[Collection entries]
'''

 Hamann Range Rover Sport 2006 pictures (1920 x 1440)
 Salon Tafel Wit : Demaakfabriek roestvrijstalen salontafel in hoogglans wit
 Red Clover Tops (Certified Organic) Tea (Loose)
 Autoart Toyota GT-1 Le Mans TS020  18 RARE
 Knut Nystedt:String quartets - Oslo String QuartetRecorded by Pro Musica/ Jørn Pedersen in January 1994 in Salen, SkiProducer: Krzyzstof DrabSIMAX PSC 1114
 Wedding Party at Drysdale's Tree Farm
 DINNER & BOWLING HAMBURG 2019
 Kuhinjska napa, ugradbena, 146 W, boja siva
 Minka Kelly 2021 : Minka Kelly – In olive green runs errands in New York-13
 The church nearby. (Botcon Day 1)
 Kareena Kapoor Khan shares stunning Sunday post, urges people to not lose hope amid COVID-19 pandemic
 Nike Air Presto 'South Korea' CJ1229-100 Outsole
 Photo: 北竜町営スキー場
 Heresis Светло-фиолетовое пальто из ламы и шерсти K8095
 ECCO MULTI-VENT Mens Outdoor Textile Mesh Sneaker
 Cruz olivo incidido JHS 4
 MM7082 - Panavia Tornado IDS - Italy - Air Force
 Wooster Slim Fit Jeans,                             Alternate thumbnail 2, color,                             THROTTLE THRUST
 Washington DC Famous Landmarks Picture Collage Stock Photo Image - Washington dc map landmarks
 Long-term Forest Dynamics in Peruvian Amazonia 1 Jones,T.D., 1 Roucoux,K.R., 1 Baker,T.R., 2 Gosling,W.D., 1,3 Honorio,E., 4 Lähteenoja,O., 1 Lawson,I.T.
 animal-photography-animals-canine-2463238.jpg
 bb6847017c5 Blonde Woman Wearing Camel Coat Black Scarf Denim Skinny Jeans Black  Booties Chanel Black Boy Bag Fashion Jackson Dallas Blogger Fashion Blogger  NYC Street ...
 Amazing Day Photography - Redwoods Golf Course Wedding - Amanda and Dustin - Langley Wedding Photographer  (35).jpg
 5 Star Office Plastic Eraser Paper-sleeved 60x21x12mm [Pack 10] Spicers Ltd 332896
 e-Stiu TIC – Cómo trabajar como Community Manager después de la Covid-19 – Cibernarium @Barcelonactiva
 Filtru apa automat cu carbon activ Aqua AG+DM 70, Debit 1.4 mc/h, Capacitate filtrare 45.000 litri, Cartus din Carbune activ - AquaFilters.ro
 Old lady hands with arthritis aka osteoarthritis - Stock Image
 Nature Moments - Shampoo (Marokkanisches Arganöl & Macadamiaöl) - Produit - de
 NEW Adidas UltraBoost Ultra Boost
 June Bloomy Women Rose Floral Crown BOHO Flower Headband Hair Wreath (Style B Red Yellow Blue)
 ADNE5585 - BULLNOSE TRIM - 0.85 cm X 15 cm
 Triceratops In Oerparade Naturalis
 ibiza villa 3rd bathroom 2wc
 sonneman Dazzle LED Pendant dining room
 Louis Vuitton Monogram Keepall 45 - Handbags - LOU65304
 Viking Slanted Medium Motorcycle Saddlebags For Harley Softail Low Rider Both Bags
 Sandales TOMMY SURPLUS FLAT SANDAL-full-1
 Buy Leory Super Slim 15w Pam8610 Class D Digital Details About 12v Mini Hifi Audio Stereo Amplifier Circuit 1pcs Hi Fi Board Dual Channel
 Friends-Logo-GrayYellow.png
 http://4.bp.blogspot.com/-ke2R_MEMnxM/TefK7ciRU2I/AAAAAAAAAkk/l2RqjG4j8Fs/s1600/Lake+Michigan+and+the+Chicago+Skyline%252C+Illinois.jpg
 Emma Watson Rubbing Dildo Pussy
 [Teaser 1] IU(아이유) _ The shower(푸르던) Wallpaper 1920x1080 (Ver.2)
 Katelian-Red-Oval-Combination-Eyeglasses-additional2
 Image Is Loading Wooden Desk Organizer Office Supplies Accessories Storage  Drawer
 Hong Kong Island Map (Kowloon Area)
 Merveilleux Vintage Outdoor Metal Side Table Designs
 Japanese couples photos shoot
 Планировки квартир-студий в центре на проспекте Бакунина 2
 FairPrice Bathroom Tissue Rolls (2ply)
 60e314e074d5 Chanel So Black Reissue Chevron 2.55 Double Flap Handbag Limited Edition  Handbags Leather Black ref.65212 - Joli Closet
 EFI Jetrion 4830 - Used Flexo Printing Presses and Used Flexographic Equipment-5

'''

■ **WHAT IS REQUIRED**: What is wanted is an exact copy of the data.

■ **RESPONSE AREA**:
 Hamann Range Rover Sport 2006 pictures (1920 x 1440)
 Salon Tafel Wit : Demaakfabriek roestvrijstalen salontafel in hoogglans wit
 Red Clover Tops (Certified Organic) Tea (Loose)
 Autoart Toyota GT-1 Le Mans TS020  18 RARE
 Knut Nystedt:String quartets - Oslo String QuartetRecorded by Pro Musica/ Jørn Pedersen in January 1994 in Salen, SkiProducer: Krzyzstof DrabSIMAX PSC 1114
 Wedding Party at Drysdale's Tree Farm
 DINNER & BOWLING HAMBURG 2019
 Kuhinjska napa, ugradbena, 146 W, boja siva
 Minka Kelly 2021 : Minka Kelly – In olive green runs errands in New York-13
 The church nearby. (Botcon Day 1)
 Kareena Kapoor Khan shares stunning Sunday post, urges people to not lose hope amid COVID-19 pandemic
 Nike Air Presto 'South Korea' CJ1229-100 Outsole
 Photo: 北竜町営スキー場
 Heresis Светло-фиолетовое пальто из ламы и шерсти K8095
 ECCO MULTI-VENT Mens Outdoor Textile Mesh Sneaker
 Cruz olivo incidido JHS 4
 MM7082 - Panavia Tornado IDS - Italy - Air Force
 Wooster Slim Fit Jeans,                             Alternate thumbnail 2, color,                             THROTTLE THRUST
 Washington DC Famous Landmarks Picture Collage Stock Photo Image - Washington dc map landmarks
 Long-term Forest Dynamics in Peruvian Amazonia 1 Jones,T.D., 1 Roucoux,K.R., 1 Baker,T.R., 2 Gosling,W.D., 1,3 Honorio,E., 4 Lähteenoja,O., 1 Lawson,I.T.
 animal-photography-animals-canine-2463238.jpg
 bb6847017c5 Blonde Woman Wearing Camel Coat Black Scarf Denim Skinny Jeans Black  Booties Chanel Black Boy Bag Fashion Jackson Dallas Blogger Fashion Blogger  NYC Street ...
 Amazing Day Photography - Redwoods Golf Course Wedding - Amanda and Dustin - Langley Wedding Photographer  (35).jpg
 5 Star Office Plastic Eraser Paper-sleeved 60x21x12mm [Pack 10] Spicers Ltd 332896
 e-Stiu TIC – Cómo trabajar como Community Manager después de la Covid-19 – Cibernarium @Barcelonactiva
 Filtru apa automat cu carbon activ Aqua AG+DM 70, Debit 1.4 mc/h, Capacitate filtrare 45.000 litri, Cartus din Carbune activ - AquaFilters.ro
 Old lady hands with arthritis aka osteoarthritis - Stock Image
 Nature Moments - Shampoo (Marokkanisches Arganöl & Macadamiaöl) - Produit - de
 NEW Adidas UltraBoost Ultra Boost
 June Bloomy Women Rose Floral Crown BOHO Flower Headband Hair Wreath (Style B Red Yellow Blue)
 ADNE5585 - BULLNOSE TRIM - 0.85 cm X 15 cm
 Triceratops In Oerparade Naturalis
 ibiza villa 3rd bathroom 2wc
 sonneman Dazzle LED Pendant dining room
 Louis Vuitton Monogram Keepall 45 - Handbags - LOU65304
 Viking Slanted Medium Motorcycle Saddlebags For Harley Softail Low Rider Both Bags
 Sandales TOMMY SURPLUS FLAT SANDAL-full-1
 Buy Leory Super Slim 15w Pam8610 Class D Digital Details About 12v Mini Hifi Audio Stereo Amplifier Circuit 1pcs Hi Fi Board Dual Channel
 Friends-Logo-GrayYellow.png
 http://4.bp.blogspot.com/-ke2R_MEMnxM/TefK7ciRU2I/AAAAAAAAAkk/l2RqjG4j8Fs/s1600/Lake+Michigan+and+the+Chicago+Skyline%252C+Illinois.jpg
 Emma Watson Rubbing Dildo Pussy
 [Teaser 1] IU(아이유) _ The shower(푸르던) Wallpaper 1920x1080 (Ver.2)
 Katelian-Red-Oval-Combination-Eyeglasses-additional2
 Image Is Loading Wooden Desk Organizer Office Supplies Accessories Storage  Drawer
 Hong Kong Island Map (Kowloon Area)
 Merveilleux Vintage Outdoor Metal Side Table Designs
 Japanese couples photos shoot
 Планировки квартир-студий в центре на проспекте Бакунина 2
 FairPrice Bathroom Tissue Rolls (2ply)
 60e314e074d5 Chanel So Black Reissue Chevron 2.55 Double Flap Handbag Limited Edition  Handbags Leather Black ref.65212 - Joli Closet
 EFI Jetrion 4830 - Used Flexo Printing Presses and Used Flexographic Equipment-5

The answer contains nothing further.